Published Online: 25-JUN-2022

DOI:http://dx.doi.org/10.7869/djo.771

Abstract
CRAO can be considered as an ocular analogue of stroke or an ocular equivalent of acute myocardial infarction. We present a case report of a 32-years-old serving soldier posted at high altitude area with no premorbidities who presented with symptoms of sudden painless loss of vision in the left eye (LE). Best-corrected visual acuity in the LE was PL+ with PR inaccurate . A relative afferent pupillary defect grade IV was observed in the LE. Ocular fundus examination of LE was suggestive of central retinal artery occlusion. Systemic evaluation revealed Steno occlusive disease of bilateral carotids L>R. Haematological investigations revealed increased haemoglobin. Raised haemoglobin due to long stay in high altitude area is tantamount to a sustained inflammatory state that results in endothelial dysfunction by causing hypercoagulable state culminating in  small calibre vessel blockage. 

Keywords :CRAO, Altitudinal Exposure, Retinal Vasculature

Introduction
Central retinal artery occlusion (CRAO) was first described by von Graefes in 1859.1 It is analogous to an acute stroke of the eye and is an ophthalmic emergency. The incidence is estimated to be 1 in 100?000 people and accounts for 1 in 10?000 ophthalmological outpatient visits.2 A prospective study of 260 eyes with CRAO showed that people suffer profound monocular visual loss, with 80% of patients having a visual acuity (VA) of 20/400 or worse.3 This reduction in vision increases the fall risk and thus results in increased dependency, and in worst-case scenarios leads to institutional care.4 CRAO signifies end-organ ischaemia and often the underlying atherosclerotic disease. It is the same underlying atherosclerotic risk factors that in turn place an individual at risk of future cerebral stroke and ischaemic heart disease.

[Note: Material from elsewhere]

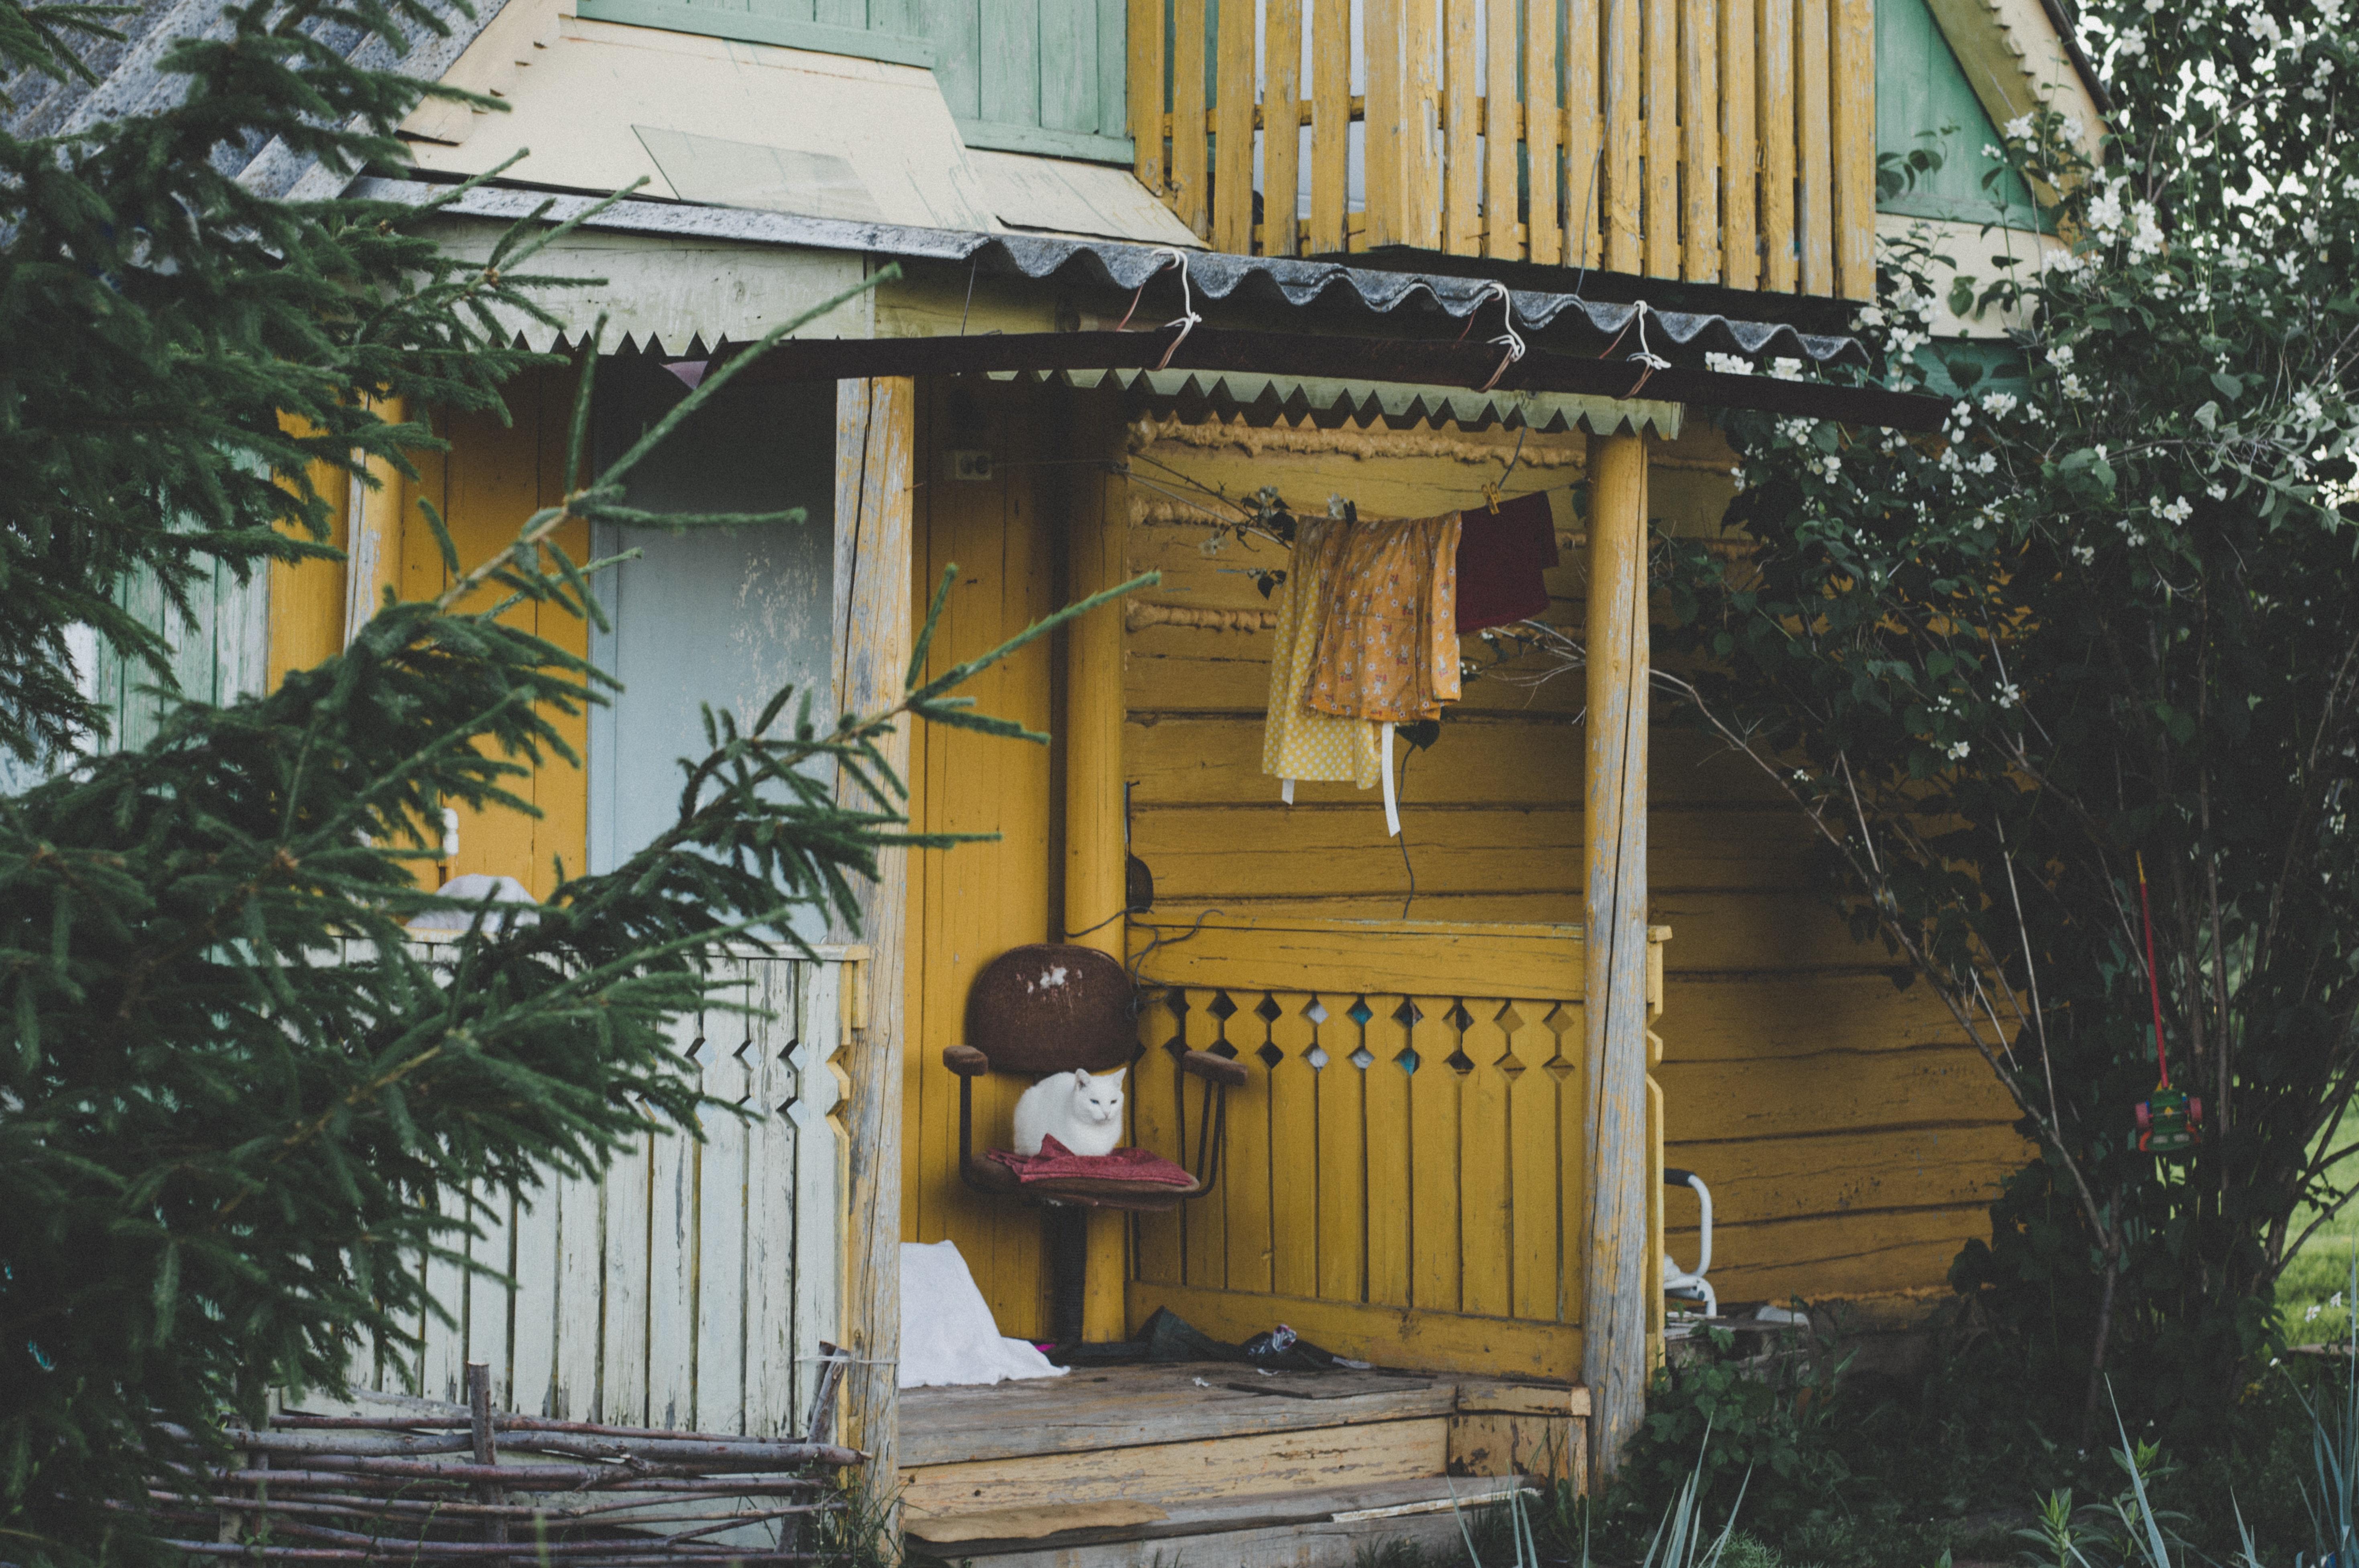 Houten Stoel Tuin : Gratis afbeeldingen : architectuur bungalow kat stoel daglicht
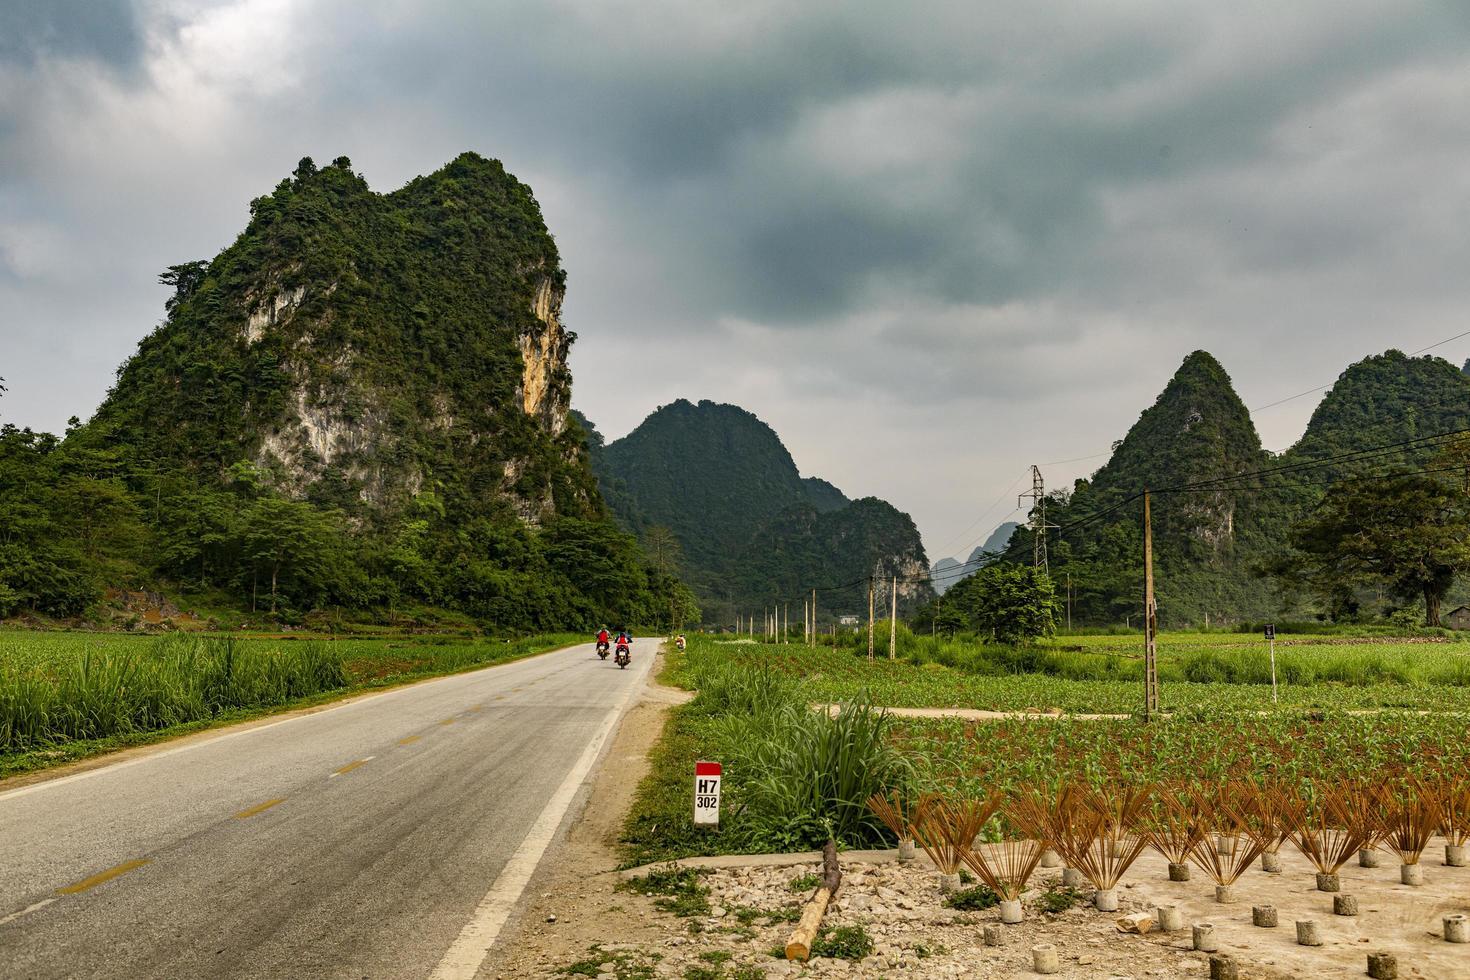 vietnam, 2017-trabajadores de los campos de arroz y viajes familiares en moto foto

Although analogous to a cerebral stroke, there is currently no guideline-endorsed evidence for treatment. Current options for therapy include the so-called ‘standard' therapies, such as sublingual isosorbide dinitrate, systemic pentoxifylline or inhalation of a carbogen, hyperbaric oxygen, ocular massage, globe compression, intravenous acetazolamide and mannitol, anterior chamber paracentesis, and methylprednisolone. None of these therapies have been shown to be better than placebo.5 There has been recent interest in the use of tissue plasminogen activator (tPA) with two recent randomized controlled trials on the treatment of acute CRAO.6,7

Causes of CRAO
  1. Classical Non Arteritic CRAO (NA-CRAO) is most common due to permanent occlusion of the CRA, caused by an impacted embolus at the narrowest part of the CRA, where it enters the sheath of the optic nerve8 (not at the lamina cribrosa, as is often erroneously described). The emboli originate from plaques in the carotid artery or the heart rarely, CRAO is due to vasculitis, chronic systemic autoimmune diseases, or thrombophilia.9
  2. Transient NA-CRAO is most often caused by a migrating embolus, and sometime by a transient marked fall of perfusion pressure in CRAO10 or high rise of intraocular pressure.
  3. Arteritic CRAO is due to thrombosis of the common trunk of the posterior ciliary artery and CRA arising from the ophthalmic artery11 caused by giant cell arteritis, not of CRA per se.

Carotid artery disease can produce CRAO by the following three mechanisms
  1. Embolism, which is by far the most common cause of CRAO12
  2. A significant stenosis (about 70% or more) or complete occlusion of the internal carotid artery, by markedly reducing the ocular blood flow, can result in development of CRAO.12 In a study >80% stenosis of the internal carotid artery was seen in 18% of CRAO cases.13 
  3. A study on atherosclerotic monkeys showed that serotonin, a powerful vasoconstrictor, released by platelet aggregation on atherosclerotic plaques in the carotid artery, produces a transient spasm, which can cause transient, complete occlusion, or impaired blood flow in the CRA14

Case Report
A 32 years-old-male serving soldier, posted at 18000 feet initially reported  with sudden, acute, painless loss of vision in right eye since last 24 hours. There was no headache, vomiting, convulsion or any neurological deficit. He had no precommorbidities.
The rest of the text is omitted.